## What you have to do
Return every line of the records below verbatim, with no pictures in the copy.

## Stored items
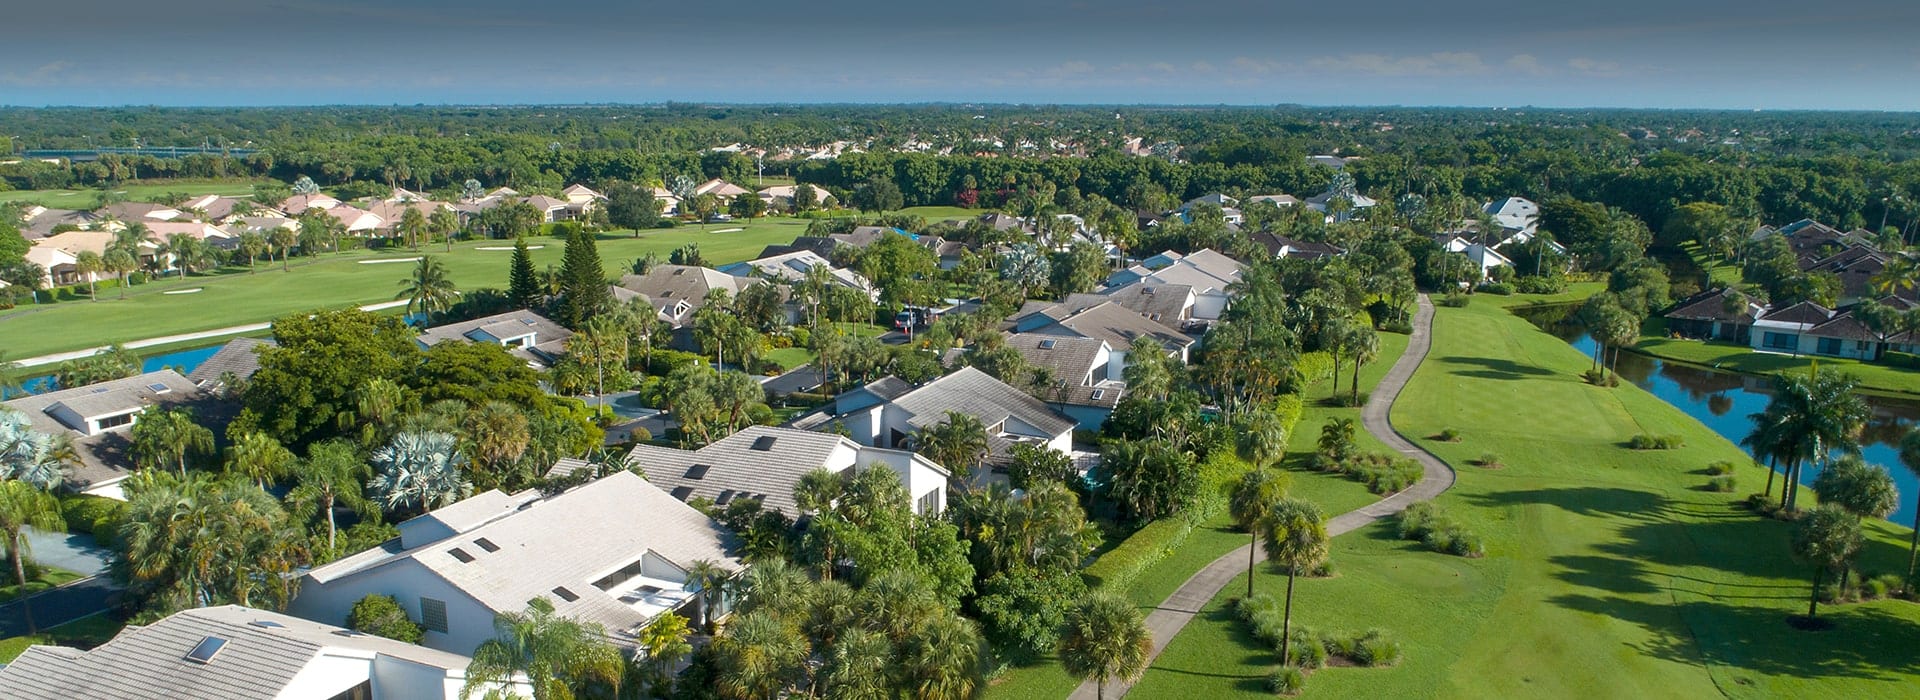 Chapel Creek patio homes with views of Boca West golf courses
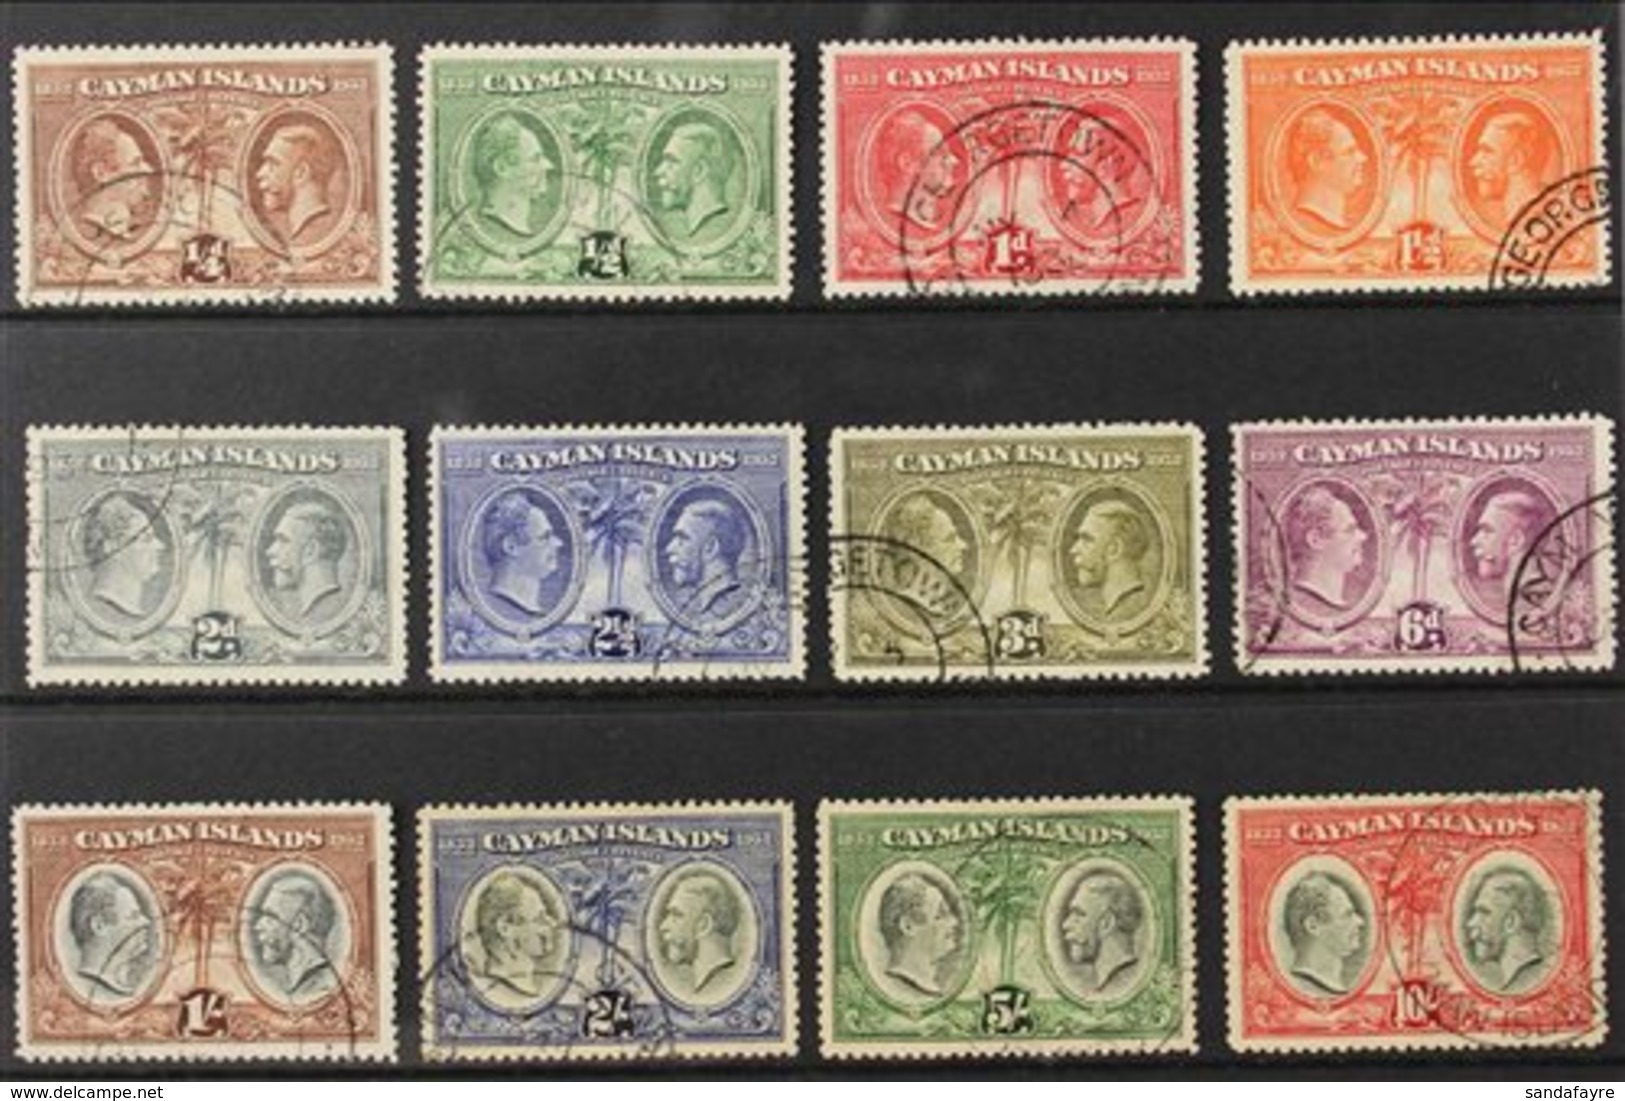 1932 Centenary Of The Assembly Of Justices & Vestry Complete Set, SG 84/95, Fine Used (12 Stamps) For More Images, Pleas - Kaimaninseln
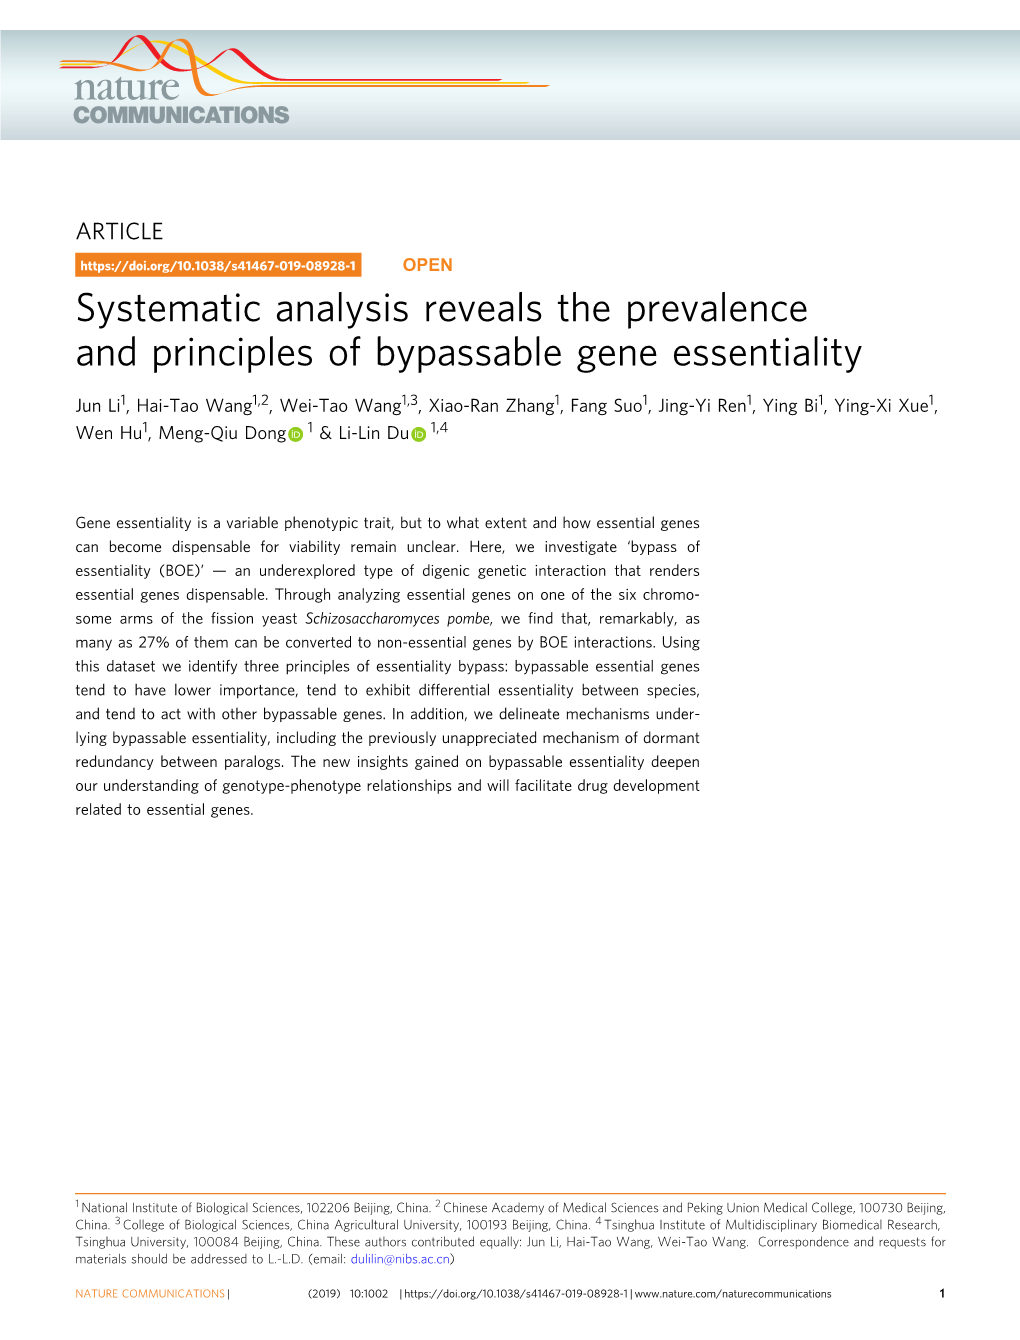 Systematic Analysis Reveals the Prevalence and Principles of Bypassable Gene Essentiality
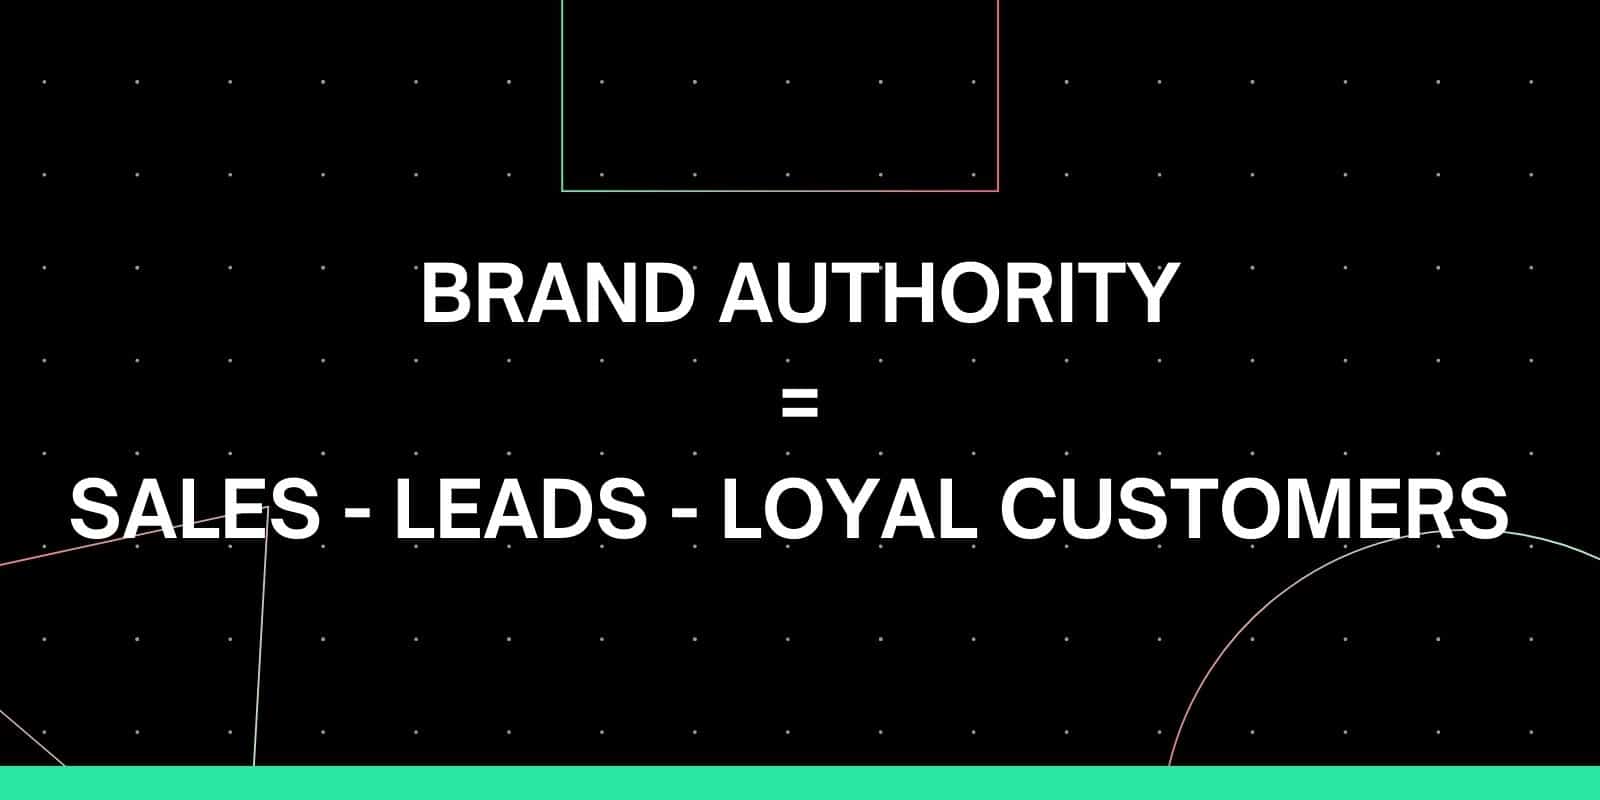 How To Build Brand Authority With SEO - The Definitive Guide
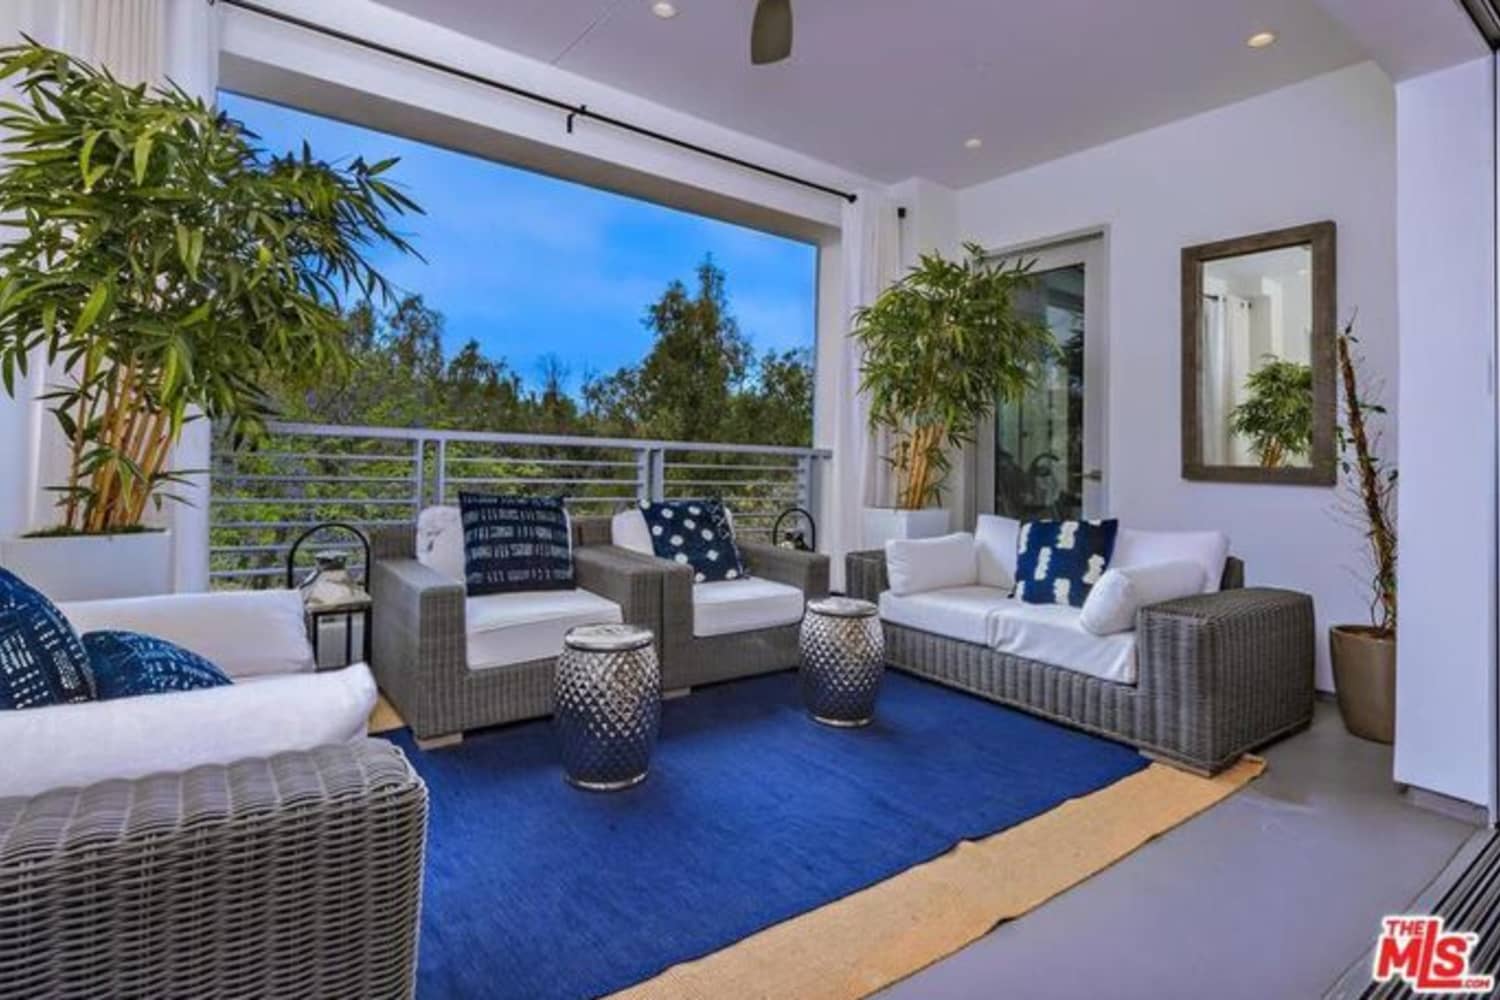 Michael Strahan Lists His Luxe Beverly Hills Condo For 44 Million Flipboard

## Your response
 Chapel Creek patio homes with views of Boca West golf courses
 1932 Centenary Of The Assembly Of Justices & Vestry Complete Set, SG 84/95, Fine Used (12 Stamps) For More Images, Pleas - Kaimaninseln
 Systematic Analysis Reveals the Prevalence and Principles of Bypassable Gene Essentiality
 How To Build Brand Authority With SEO - The Definitive Guide
 Michael Strahan Lists His Luxe Beverly Hills Condo For 44 Million Flipboard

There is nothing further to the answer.